PROJECT_SUMMARY.md•4.14 kB
# DuckDB MCP Server - Project Summary
This document provides an overview of the DuckDB MCP Server project, explaining the purpose and functionality of each component.
## Overview
The DuckDB MCP Server is a Model Context Protocol (MCP) server implementation that allows Large Language Models (LLMs) such as Claude to interact with DuckDB databases. This enables Claude to analyze data from various sources, including:
- Local files (CSV, Parquet, JSON, etc.)
- S3 storage and other cloud storage services
- SQLite databases and other data sources
The server provides Claude with DuckDB documentation, allowing it to generate accurate SQL queries and analyze data effectively.
## Key Components
### Core Server Components
- `config.py` - Handles command-line arguments and configuration
- `database.py` - Manages DuckDB connections and query execution
- `credentials.py` - Handles cloud storage credentials (e.g., AWS S3)

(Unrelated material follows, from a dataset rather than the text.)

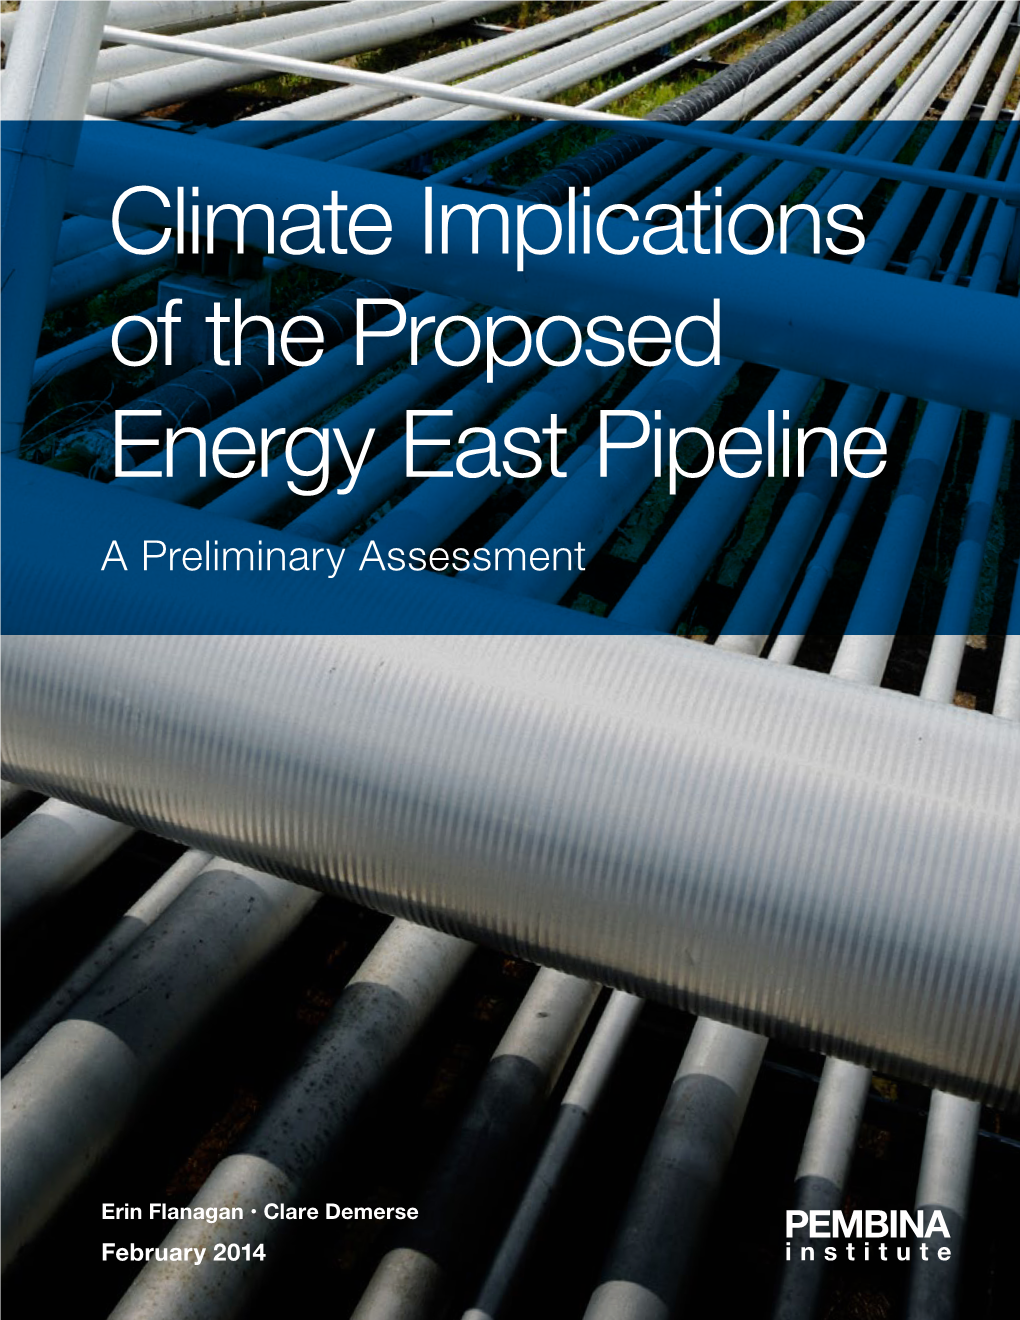 Energy East Pipeline a Preliminary Assessment
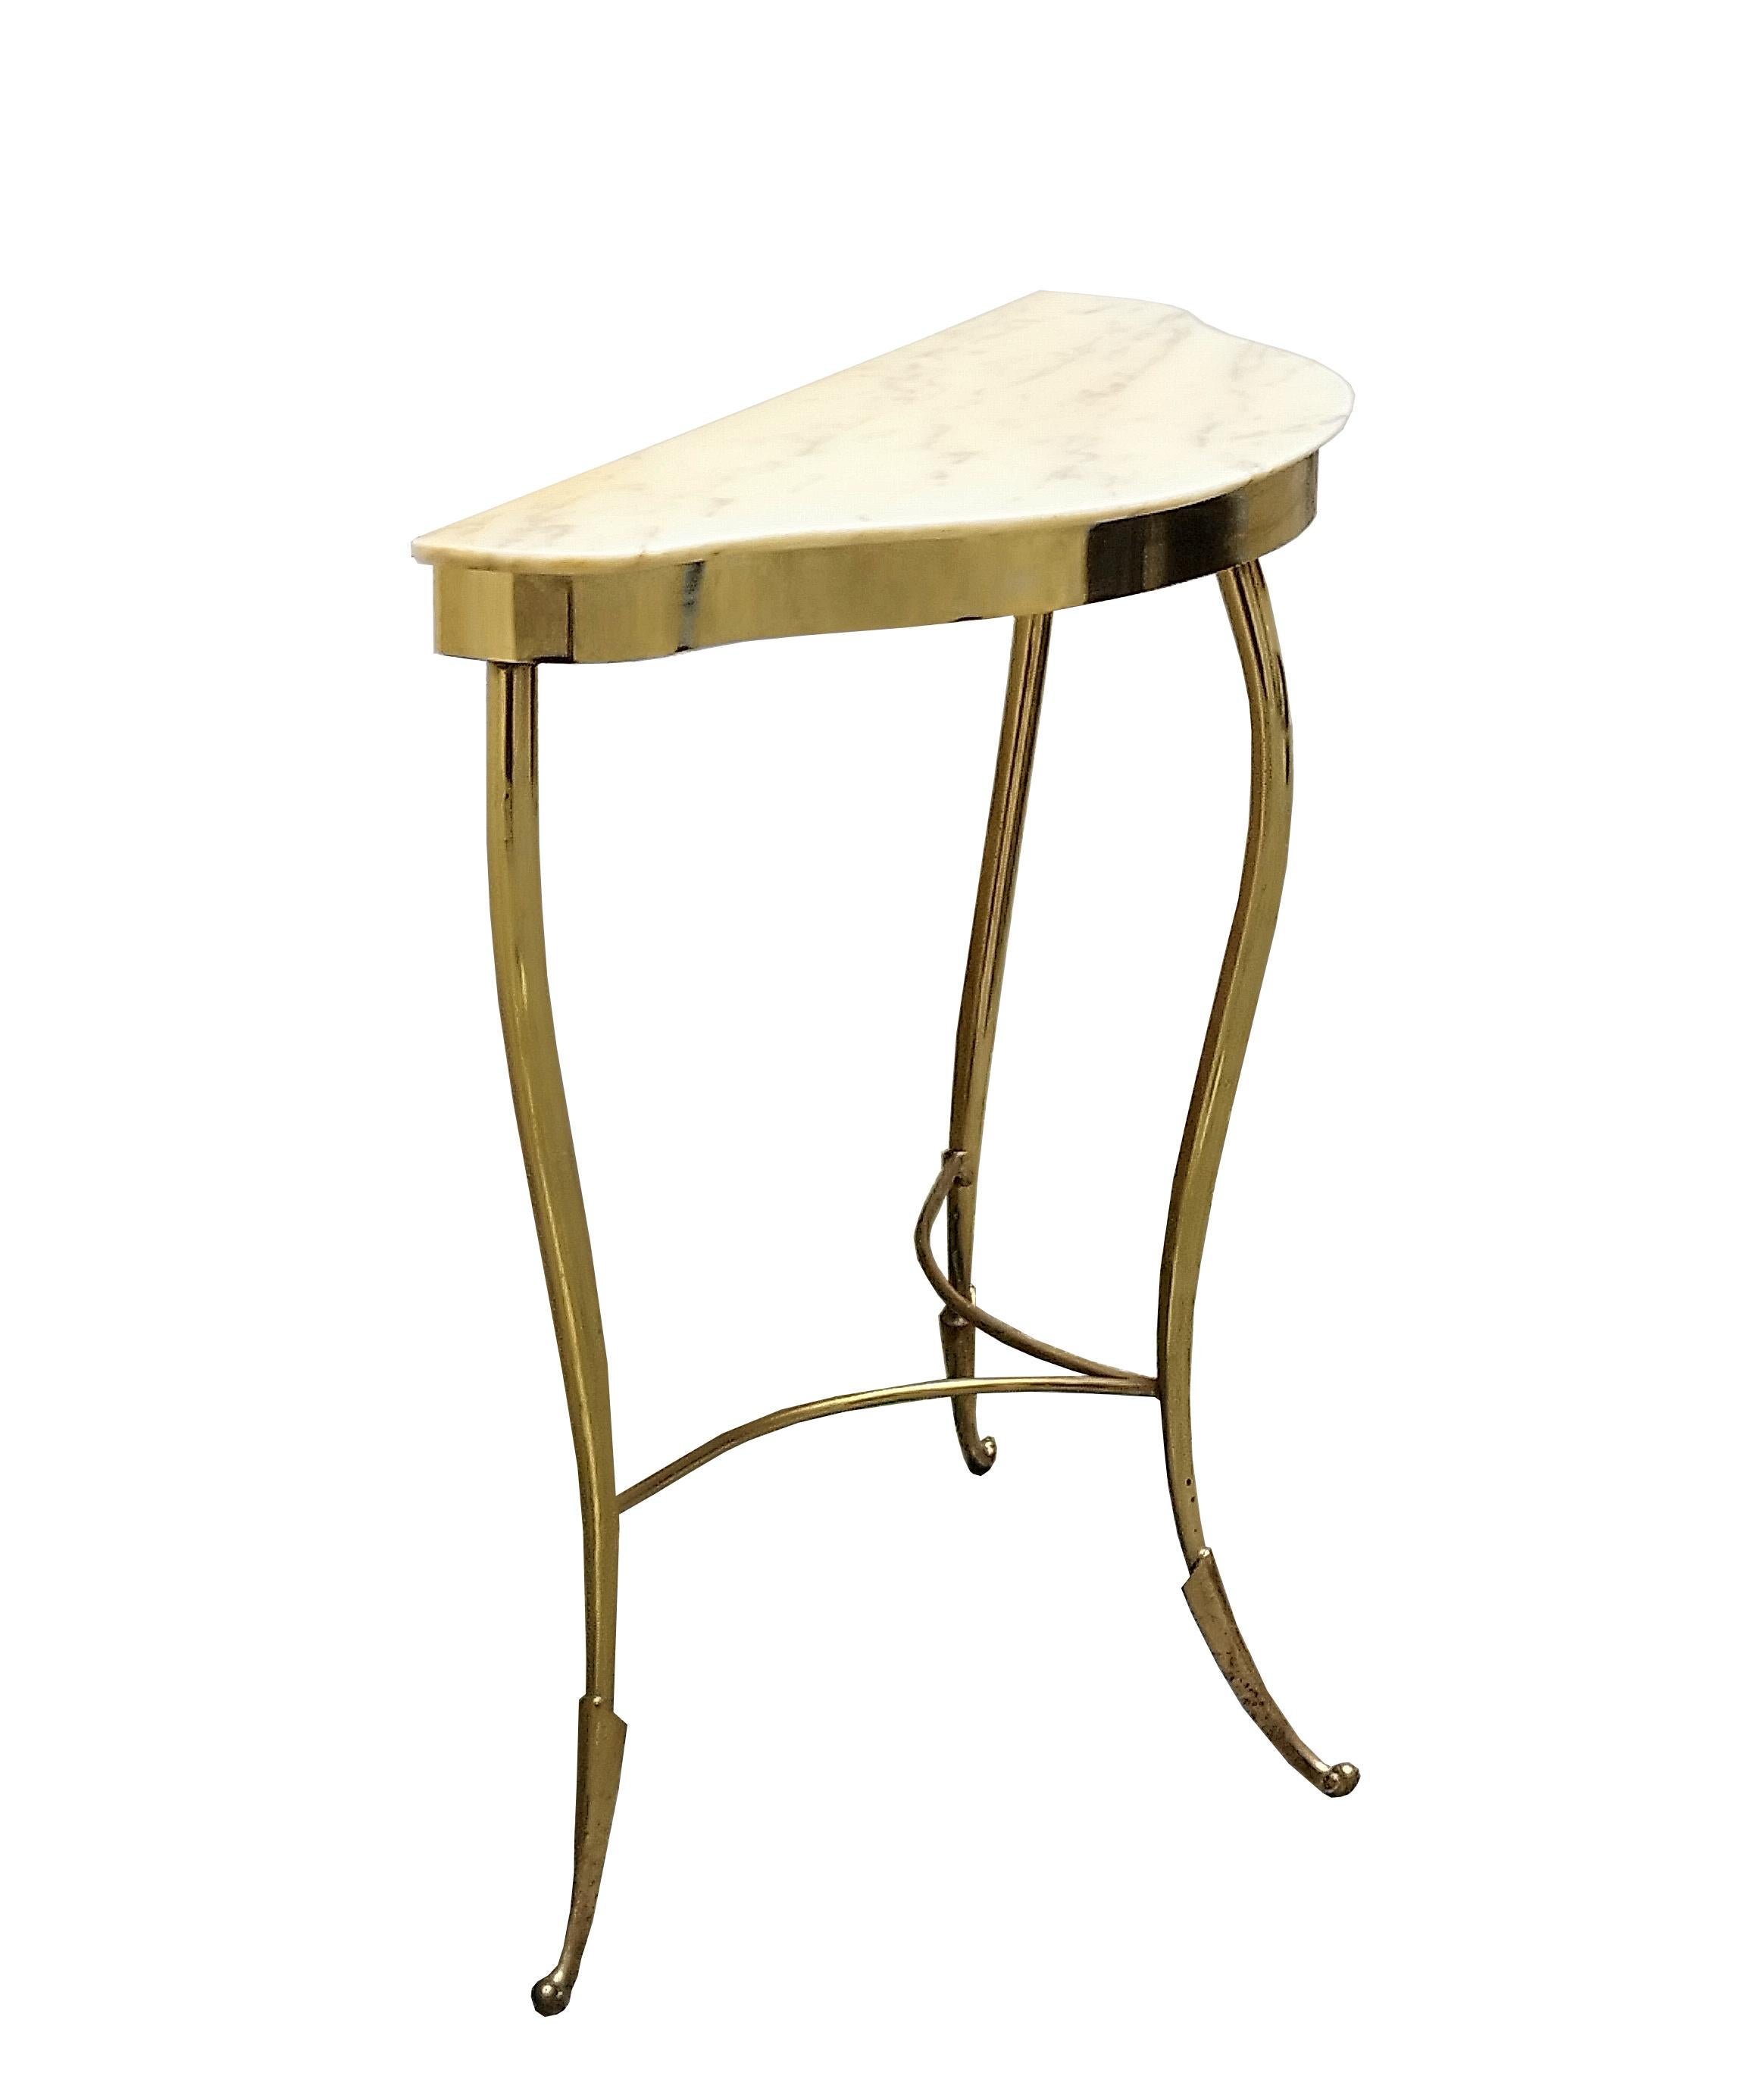 Italian console table with a crescent-shaped design, dating from the important mid-century modern design period of the 1950s. This piece is exquisitely crafted with its triad of tapered brass legs and marble top.

- `server.py` - Main MCP server implementation
### MCP Integration
- `resources/docs.py` - Documentation loaders for DuckDB features
- `resources/xml/` - XML-formatted documentation for DuckDB features
### Examples
- `examples/query_local_csv.py` - Demonstrates querying local CSV files
- `examples/query_parquet_from_s3.py` - Demonstrates querying Parquet files from S3
- `examples/setup_claude_desktop.py` - Helper script for setting up Claude Desktop
### Tests
- `tests/test_config.py` - Tests for the Config class
- `tests/test_database.py` - Tests for the DuckDBClient class
## How It Works
1. **Initialization**: The server parses command-line arguments, sets up the DuckDB database, and initializes cloud credentials.
2. **MCP Integration**: The server registers MCP handlers for:
- Resources - DuckDB documentation resources
- Prompts - Initial prompts for Claude to understand how to use DuckDB
- Tools - SQL query execution tool
3. **Query Execution**: When Claude sends a query via the MCP tool, the server:
- Establishes a DuckDB connection
- Executes the SQL query
- Formats and returns the results
4. **Credential Management**: The server automatically:
- Configures AWS credentials for S3 access
- Installs and loads necessary DuckDB extensions
## Using the MCP Server with Claude
Claude can perform various data analysis tasks with the MCP server:
1. **Data Exploration**:
- Query file metadata
- Examine data schemas
- Preview data samples
2. **Data Analysis**:
- Perform complex SQL queries
- Generate statistical summaries
- Identify patterns and trends
3. **Visualization Preparation**:
- Query and transform data for visualization
- Select relevant data points
- Aggregate and structure results for charts
## Project Structure
```
duckdb-mcp-server/
├── pyproject.toml # Project metadata and dependencies
├── README.md # Project documentation
├── LICENSE # MIT License
├── .gitignore # Git ignore file
├── src/
│ └── duckdb_mcp_server/
│ ├── __init__.py # Package initialization
│ ├── server.py # Main MCP server implementation
│ ├── config.py # Configuration handling
│ ├── database.py # DuckDB connection handling
│ ├── credentials.py # S3 and cloud credentials management
│ ├── resources/ # Documentation and resources
│ │ ├── __init__.py
│ │ ├── docs.py # Documentation loader
│ │ └── xml/ # XML documentation files
│ │ ├── duckdb_friendly_sql.xml
│ │ └── duckdb_data_import.xml
├── tests/ # Unit tests
│ ├── __init__.py
│ ├── test_config.py
│ └── test_database.py
└── examples/ # Example usage scripts
├── query_local_csv.py
├── query_parquet_from_s3.py
└── setup_claude_desktop.py
```
## Setup and Usage
See the main README.md file for detailed instructions on setting up and using the DuckDB MCP Server.